Закрылась за Керимом дверь, и на вопрос – зачем?! – родился страшный ответ: все дело сварганили, а его самого бросили в эту протухшую камеру для того, чтобы он здесь сдох, как эта крыса, от голода и жажды. И тогда возник другой вопрос, на который он должен найти ответ немедленно: что он такого сделал и кому? Кому было.выгодно его уничтожить, стереть с лица земли? .
Амелин. Чуркин. Где он перебежал им дорогу? Под «чистосердечным признанием» его подпись, любая графическая экспертиза это подтвердит, потому что она подлинная.
Амелин попросил его на днях расписаться под какими-то отчетами, он, конечно же, поставил как дурак свою подпись на чистых листах. Это было во время телефонного разговора с Грязновым, он даже не обратил внимания, что он подписывал. Магнитофонная пленка. Голоса Бабаянца и его собственный. На сто процентов его собственный.

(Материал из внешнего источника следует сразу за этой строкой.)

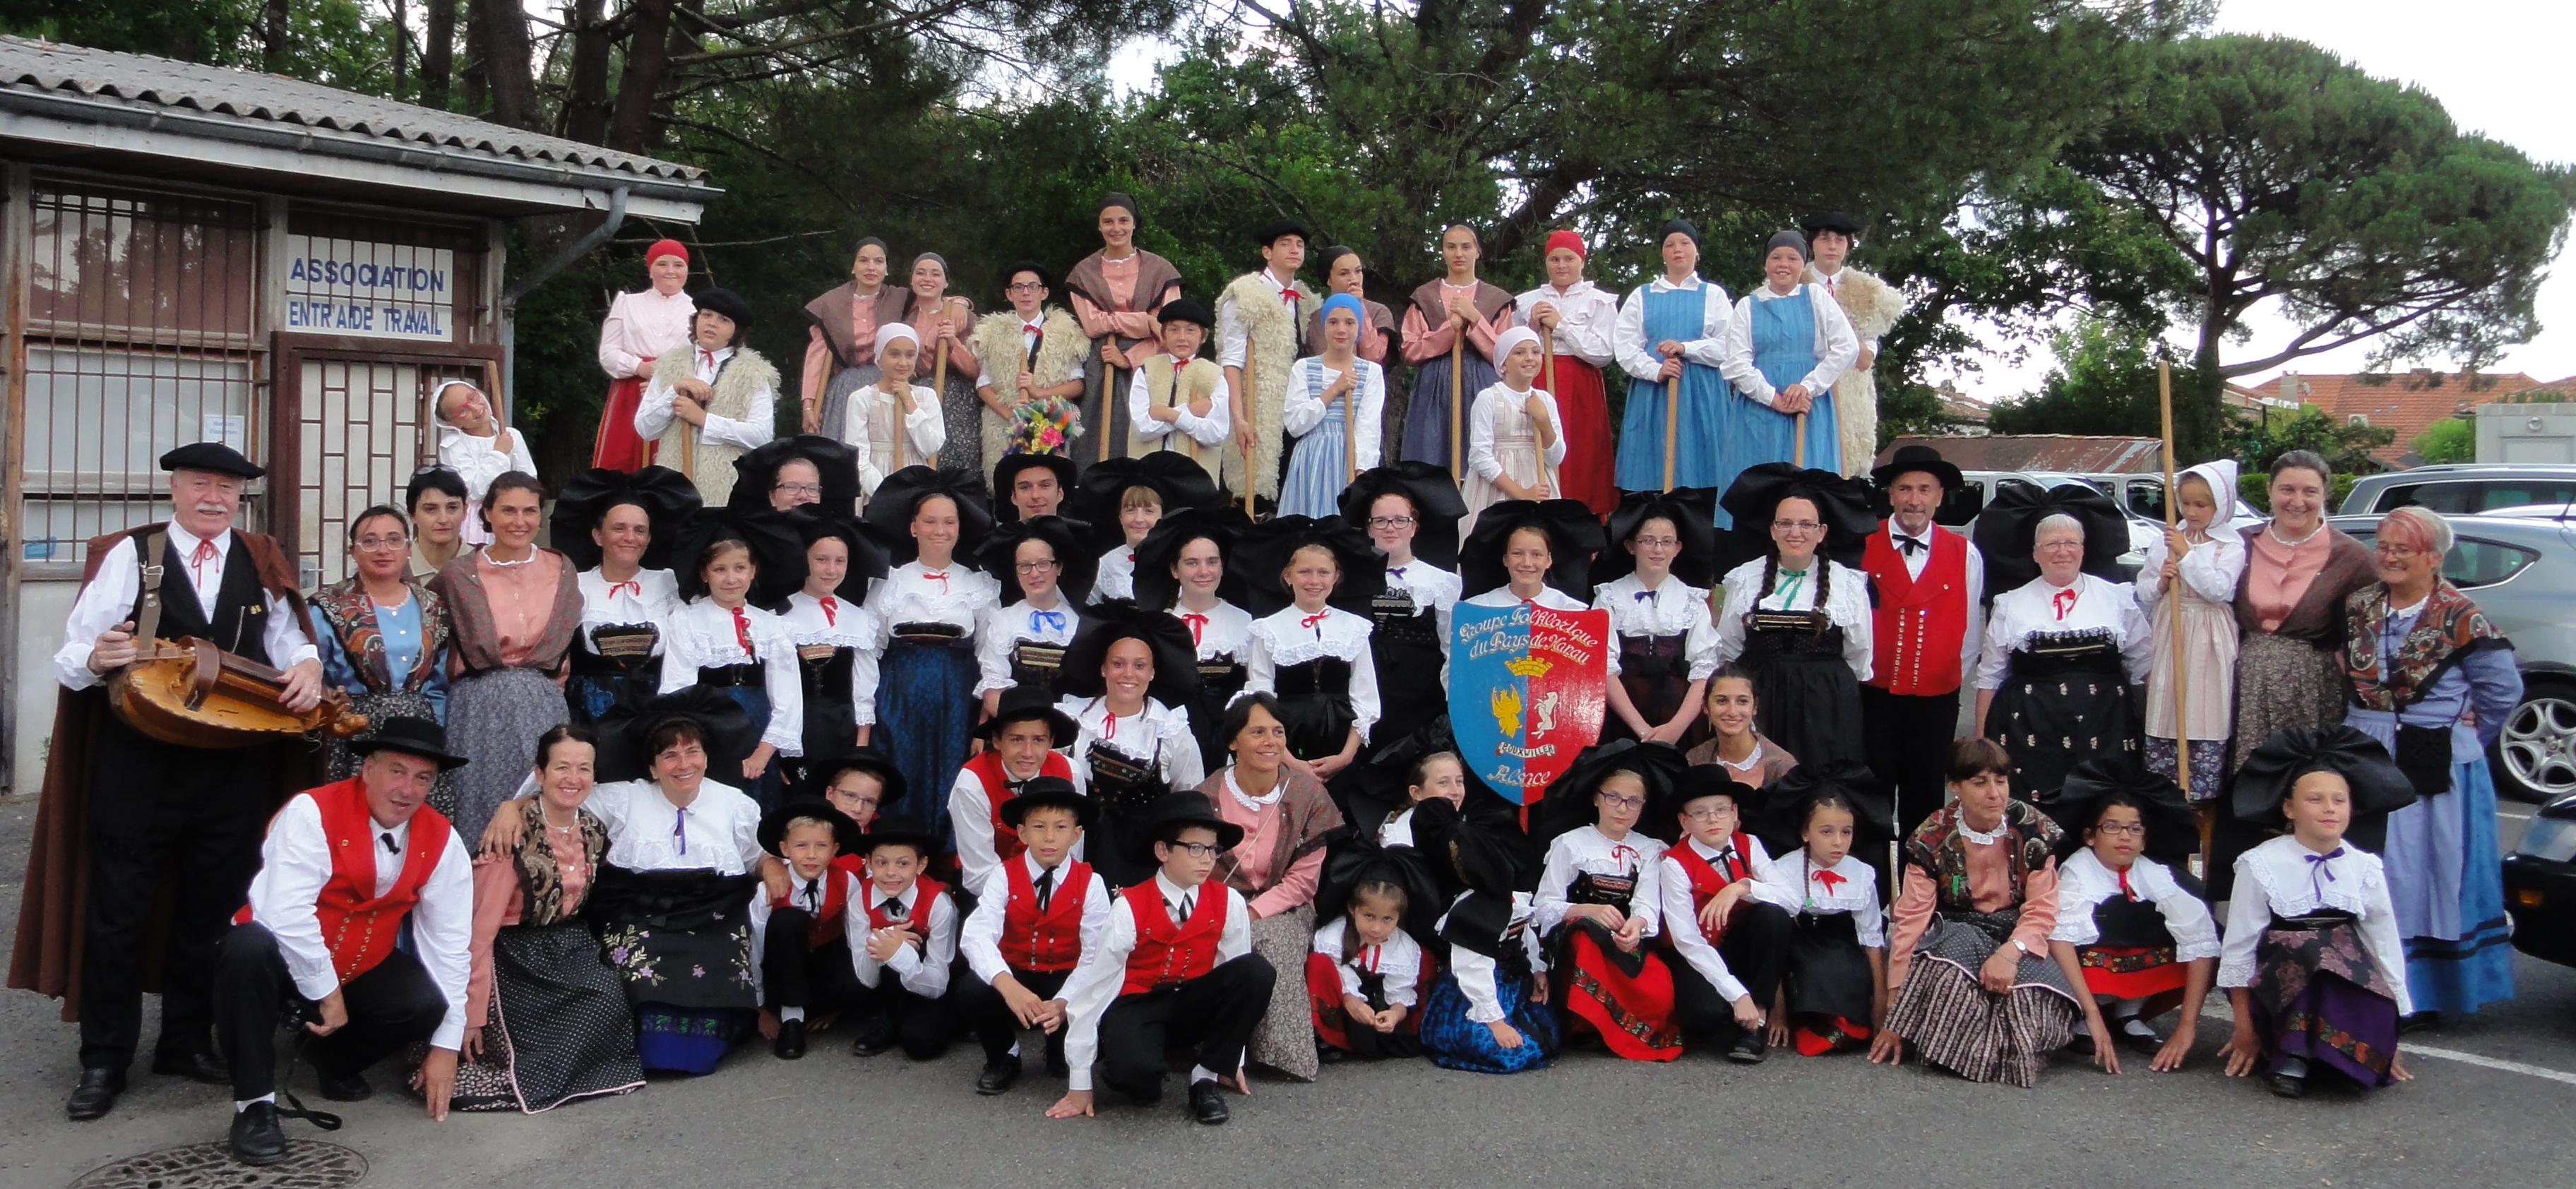 Lous esquirous accueille le pays de Hanau de Bouxwiller (Alsace)
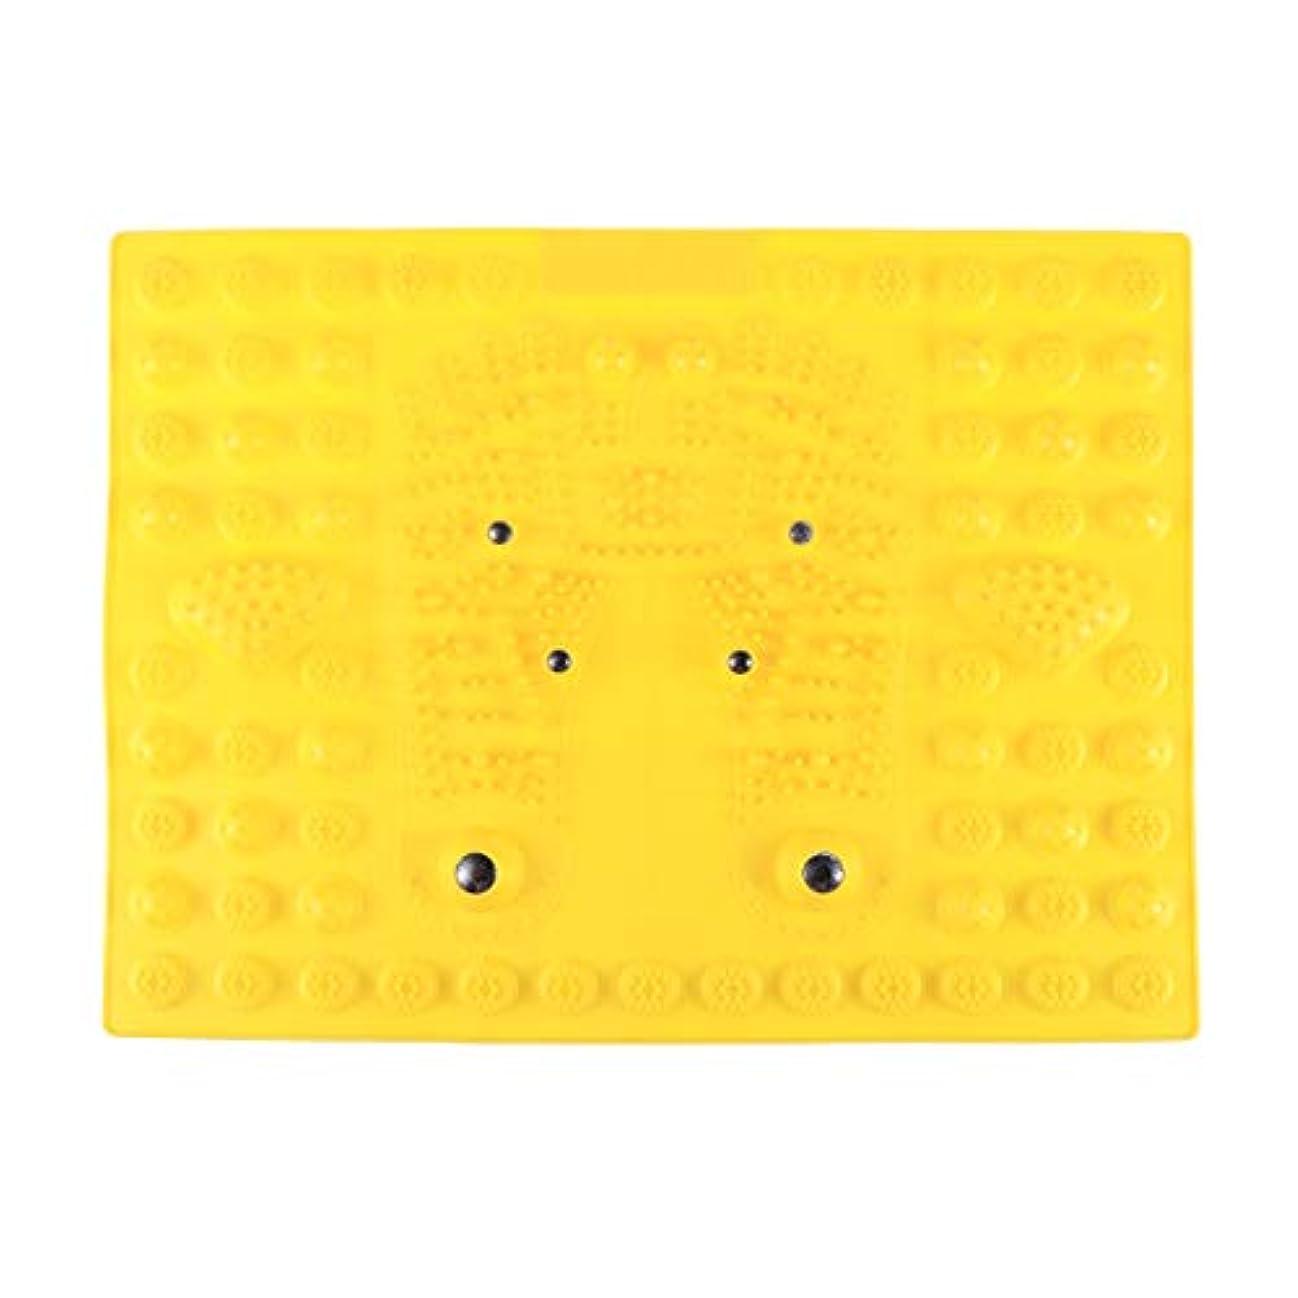 長方形ベットヒューズSUPVOX フットマッサージマット指圧リラクゼーションリフレクソロジーマット磁気療法フィートマット(イエロー)

И в то же время стопроцентная фальшивка: он никогда ничего подобного не говорил ни Бабаянцу, ни кому-либо другому. Голос Гены уже идентифицировать нельзя. Но имитировать – сколько угодно: легкий кавказский акцент, характерная хрипотца. Человеку не свойственно узнавать свой голос, записанный на пленку, сколько раз приходилось слышать: разве это я? неужели у меня такой голос? Почему же тогда он узнает его безошибочно? Надо постараться прокатать весь разговор от начала до конца, надо установить, откуда взялась вся эта абракадабра. Но он не мог припомнить ни одной фразы, ни единого своего слова, он даже не мог толком вспомнить о чем была беседа. Единственное, что он припомнил,– это была его интонация, которая никак не соответствовала тематике: Бабаянц уговаривал его, Турецкого, убить прокурора Зимарина, а он, Турецкий, соглашался, но голос звучал весело, непринужденно, даже небрежно, временами иронически, как будто речь шла о предстоящем пикнике.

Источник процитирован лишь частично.